Getting to market with $60,000
- Original target: $250,000 for a new Chevrolet truck. Actual raise: $60,000 from family, friends, a college professor, and a friend from Australia.
- Two trucks bought on eBay for $2,500 and $5,000; retrofitted in Astoria, Queens on maxed-out credit cards.
- Day one bank balance: ~$500 collectively.
- A six-week wait for a New York City mobile vending permit pushed launch to late June — losing the lucrative spring selling season.
- First location: corner of Greene and Prince in SoHo. A line of 15 people formed before the window opened.
The pivot to brick-and-mortar
- By summer two, they had six trucks. In year three, an opportunity arose to open a 96-square-foot store in Greenpoint for $22,000.
- Within three hours, that store outperformed a full day's revenue from their best truck location.
- Decision made immediately: no more trucks.
- Brick-and-mortar provides higher revenue, easier operations, and stronger consumer mindshare than trucks.
- They resisted outside capital to stay in control and to avoid scaling before they were ready.
Wholesale: a harder business
- Whole Foods approached the truck on day one of operations. Van Leeuwen said yes.
- Wholesale is now in 15,000 doors with 50+ SKUs.
- Margins are razor thin: high fulfilment costs, intense trade spend, and competition from Ben & Jerry's, Haagen-Dazs, and Solenti — all operating at far greater scale efficiency.
- Retail stores have subsidised the wholesale business for years.
- The CPG frozen category is a game of scale; artisanal brands are structurally disadvantaged on unit economics.
Co-founder dynamics
- Three-way partnership: Ben (CEO), Pete, and Laura — all aligned on work ethic and growth ambition.
- Ben and Laura married the same week the company launched in 2008; divorced a few years later but remained co-founders.
- The split was described as effortless — no concern about business impact.
- Biggest friction between co-founders is tone in emails, not strategic disagreement.
- Titles didn't exist until the company had several hundred employees; Ben only started using "CEO" then.
Brand building without a marketing budget
- Kraft Mac and Cheese collaboration launched post-pandemic after an agency cold call. Van Leeuwen said yes immediately.
- The site crashed within minutes of launch; all inventory sold in roughly 10 minutes; an estimated 12 billion media impressions.
- That deal taught them how collaborations work: larger brands now pay Van Leeuwen to develop co-branded flavours.

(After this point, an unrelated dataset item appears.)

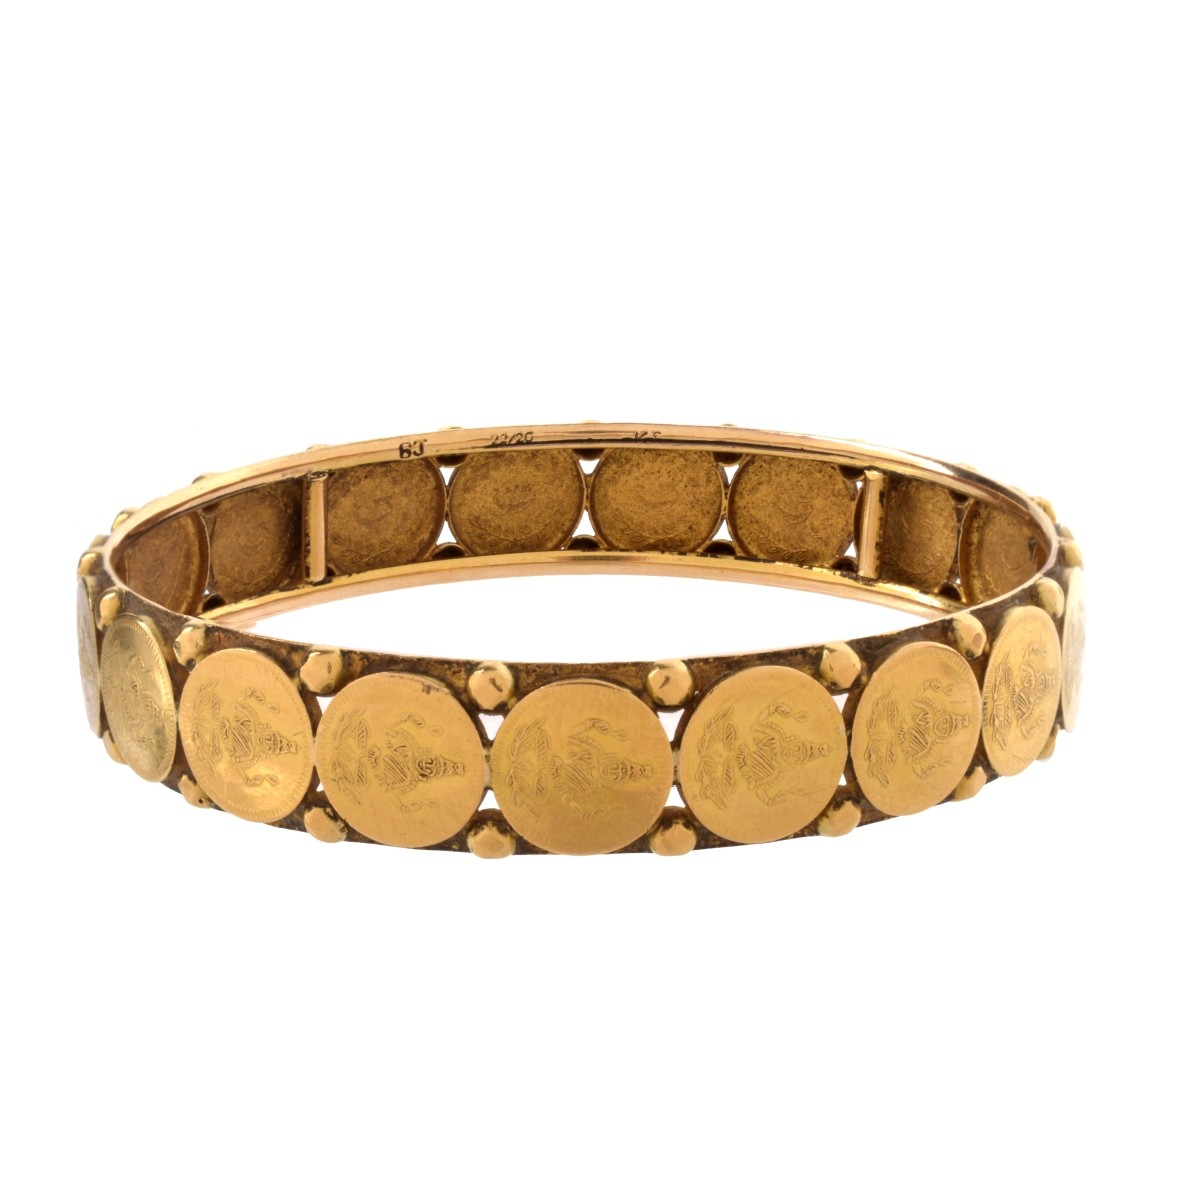 22/20K Gold "Coin" Bangle Bracelet

- Selectivity matters: ingredients must fit their clean-label guardrails regardless of brand appeal.
- The New York Times Wirecutter named Van Leeuwen vanilla the best in the country — the recognition Ben values most.

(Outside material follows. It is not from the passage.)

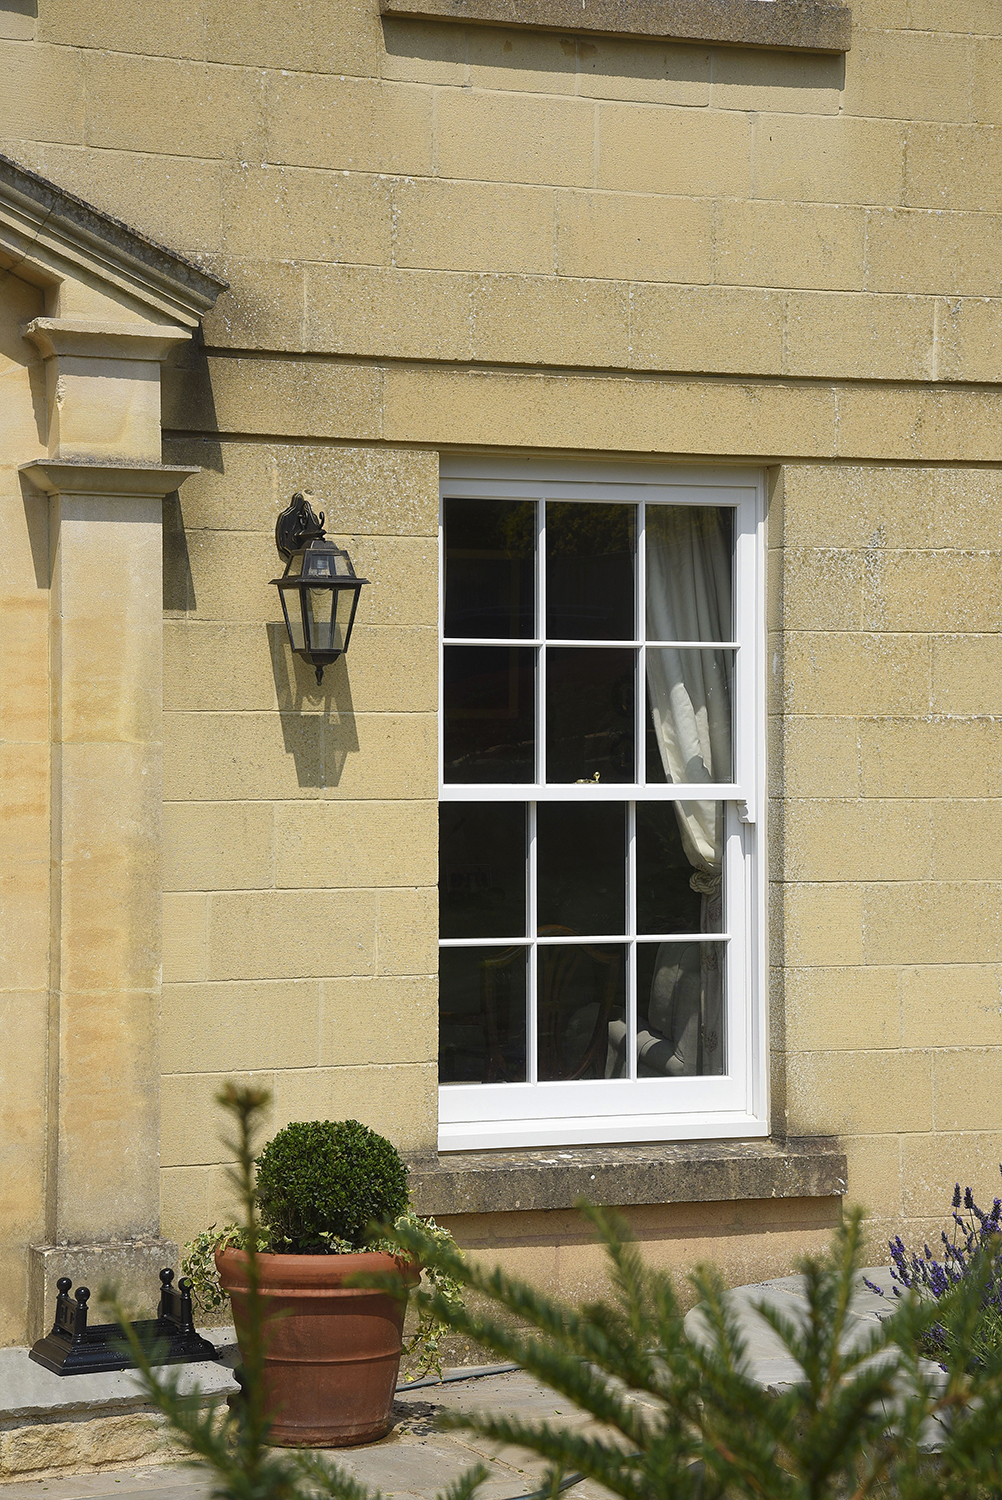 Mumford & Wood install sash windows to suit stone architecture

Growth trajectory and the Flavour Lab
- 2025: 70 stores at start of year, growing to 105 — a 50% increase in a single year.
- Target: ~200 stores by 2028–2030. Currently one international location (Singapore, franchise).
- Near-future priority: the Van Leeuwen Flavour Lab — an innovation kitchen co-located with a retail scoop shop, separated by retractable glass walls.
- Making products where they are served produces faster customer feedback and, in Ben's view, better ideas.
- Near-crisis moment roughly 10 years ago: discovered the business would go $200,000 negative in a week before Christmas. Solved with a 34% hard money loan approved in 24 hours.